Bastian Kraft macht aus diesem Herrin-Dienerinnen-Spiel im Spiel im Spiel am Pfauen des Zürcher Schauspielhauses eine phänomenale Orgie in Schwarz-Weiss (und ganz wenig Rot). Und einen Theaterabend, der mit grossartigen Schauspielerinnen glänzt und seine Mittel genial einsetzt. Zu Beginn wird auf eine grosse Leinwand geschrieben: «Jean Genet Die Zofen». Und dann beginnt er, der Film, in dem die beiden Zofen ihr Rollenspiel aufnehmen – nichts Besonderes im Zeitalter 2.0.

Einen Schwarz-Weiss-Film kriegt das Publikum zu sehen, in dem die beiden Dienerinnen aussehen wie Liza Minelli und das ganze Setting wie ein Nouvelle-Vague-Film. Doch auch die Bühne, die allmählich durch die Leinwand hindurch zu sehen ist, ist ganz in Schwarz-Weiss. Schwarz sind die Dienerinnen, ihre Pagenköpfe, ihre geschminkten Augen, ihre irre hohen Schuhe. Weiss ist alles andere: das Zimmer der Herrin, ihr Bett, die Wand, der Tisch, der Schrank, der Spiegel. Und natürlich auch sie selbst wird weiss sein. Als Lichtgestalt, als ätherische Schönheit spielt sie Susanne-Marie Wrage, eine Herrin, die nur in bissig gestellten Fragen und fordernden Pausen zeigt, wie verletzend sie sein kann.
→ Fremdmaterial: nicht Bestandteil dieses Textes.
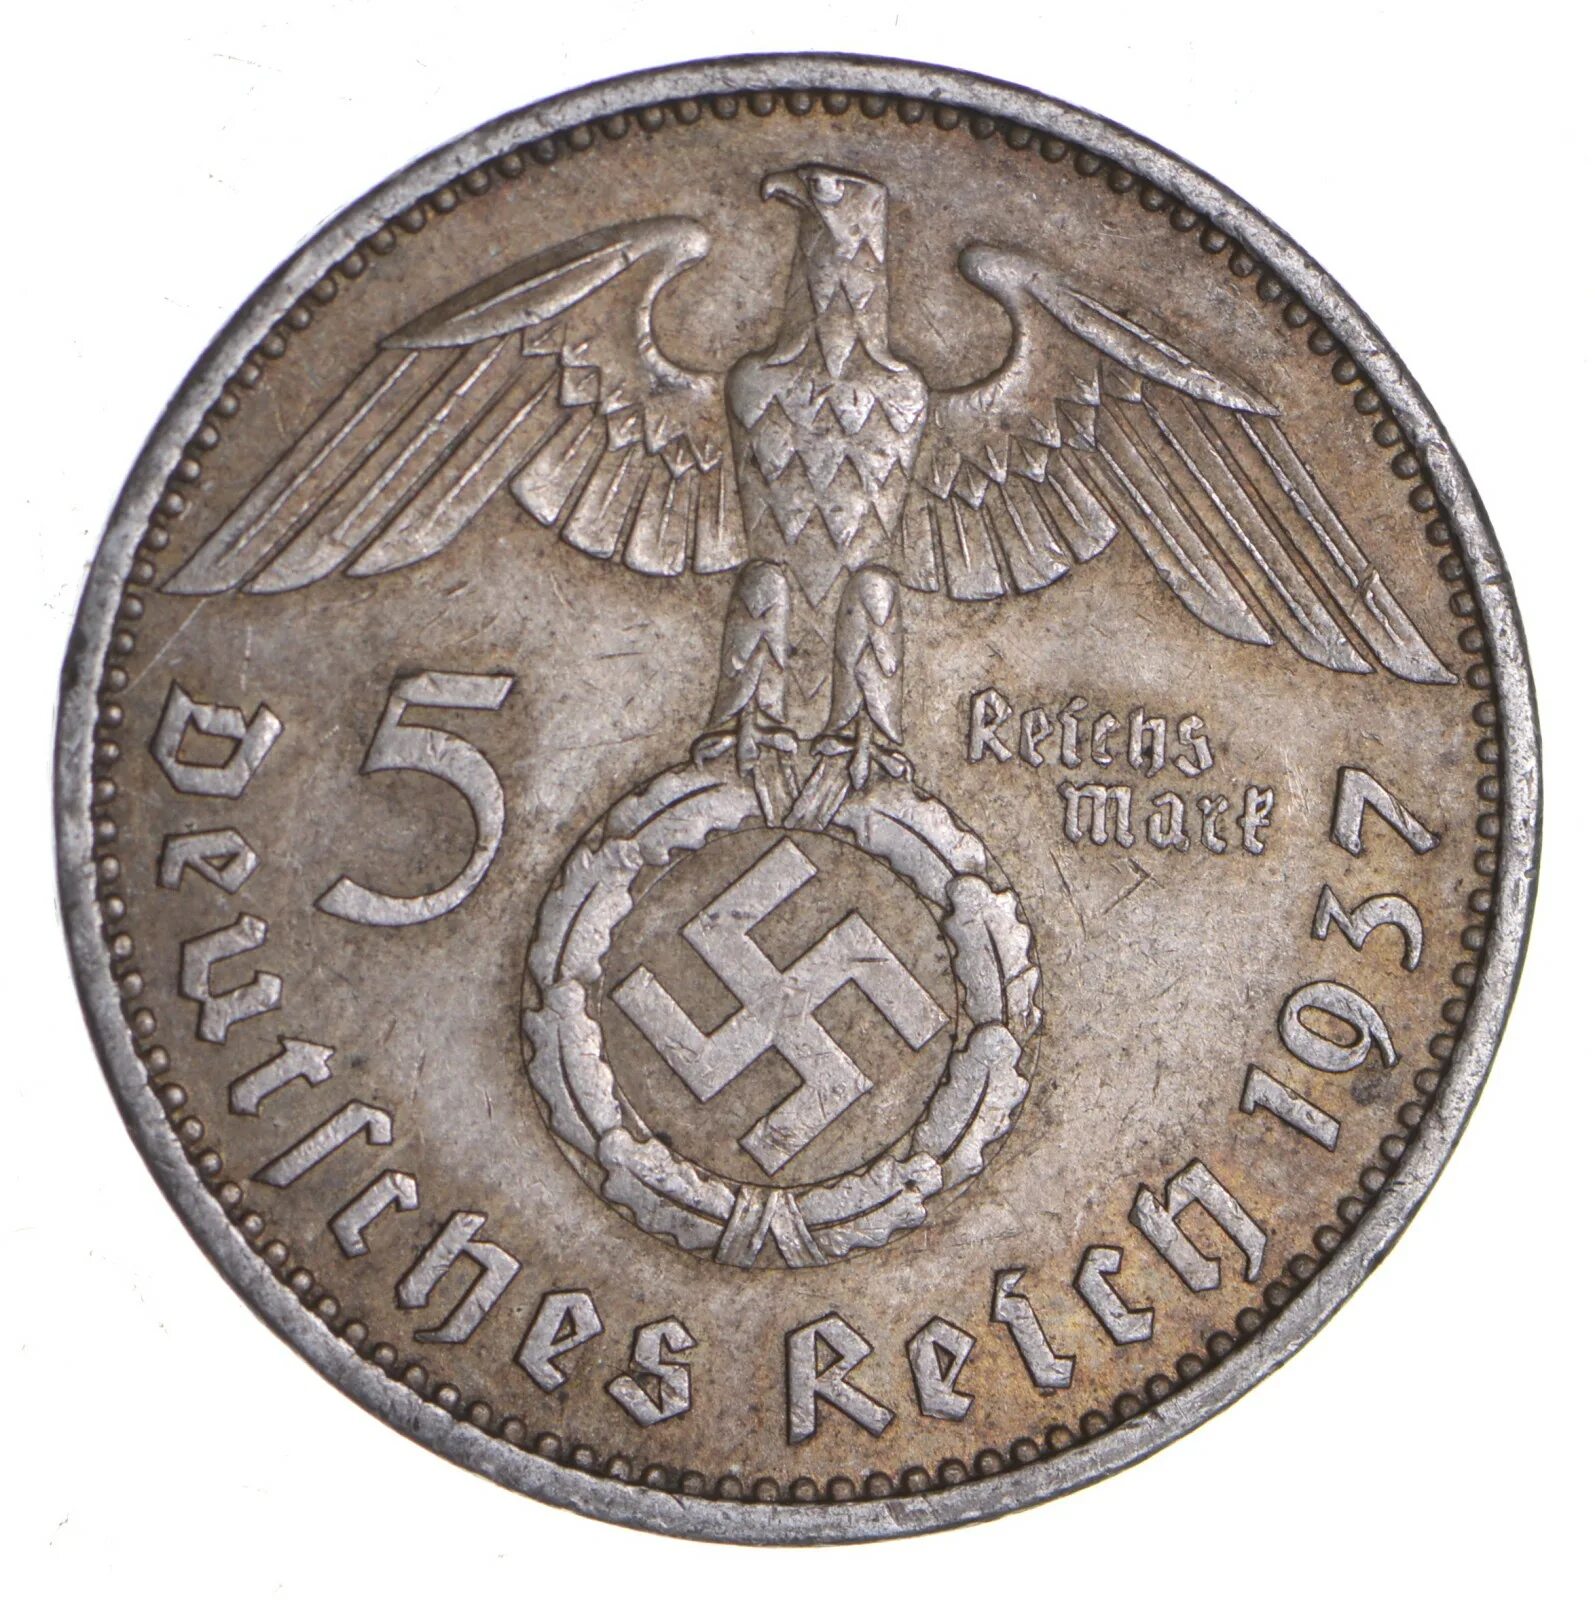 Немецкие 5 в рубли. Монета немецкая 5 deutktnes Relin 1937. Монетка 1939 Германия. Немецкие монеты второй мировой войны. Монета 1937 немецкая со свастикой.

Tot im Spiel. Oder doch in echt?

Und dann ist sie also weg, der kalt gewordene Tee steht achtlos da. Was machen die Schwestern? Sie spielen wieder, diesmal ermordet Solange als Claire die gnädige Herrin. Danach nimmt sie einen grossen Farbeimer und streicht die Wände schwarz. Auch die Lilien, die Blumen der Unschuld, landen im Farbbad. Alles wird schwarz, ist dreckig, wie die Küche, mit der die feine Herrin nichts zu tun haben will. Jetzt ist er überall, der Dreck der beiden Domestiken. Und die übriggebliebene Zofe erzählt, was sie dem Inspektor sagen wird. Und wie sie auf das Schafott steigt. Aber dann wacht die Schwester wieder auf, es war ja nur ein Spiel. Aber sie hat Durst, verlangt nach Tee – und wird vergiftet. Auch der Tee ist übrigens schwarz.

Ein grossartiges Spiel um Spiel und Realität, um Macht und Unterwerfung zeigt Bastian Kraft auf der Bühne, mit einer faszinierenden Lena Schwarz als Claire und einer umwerfenden Olivia Grigolli als Solange. Wie die beiden die Worte im Mund kneten und einander oder ihrer Herrin vor die Füsse spucken – das ist allerhöchste Kunst.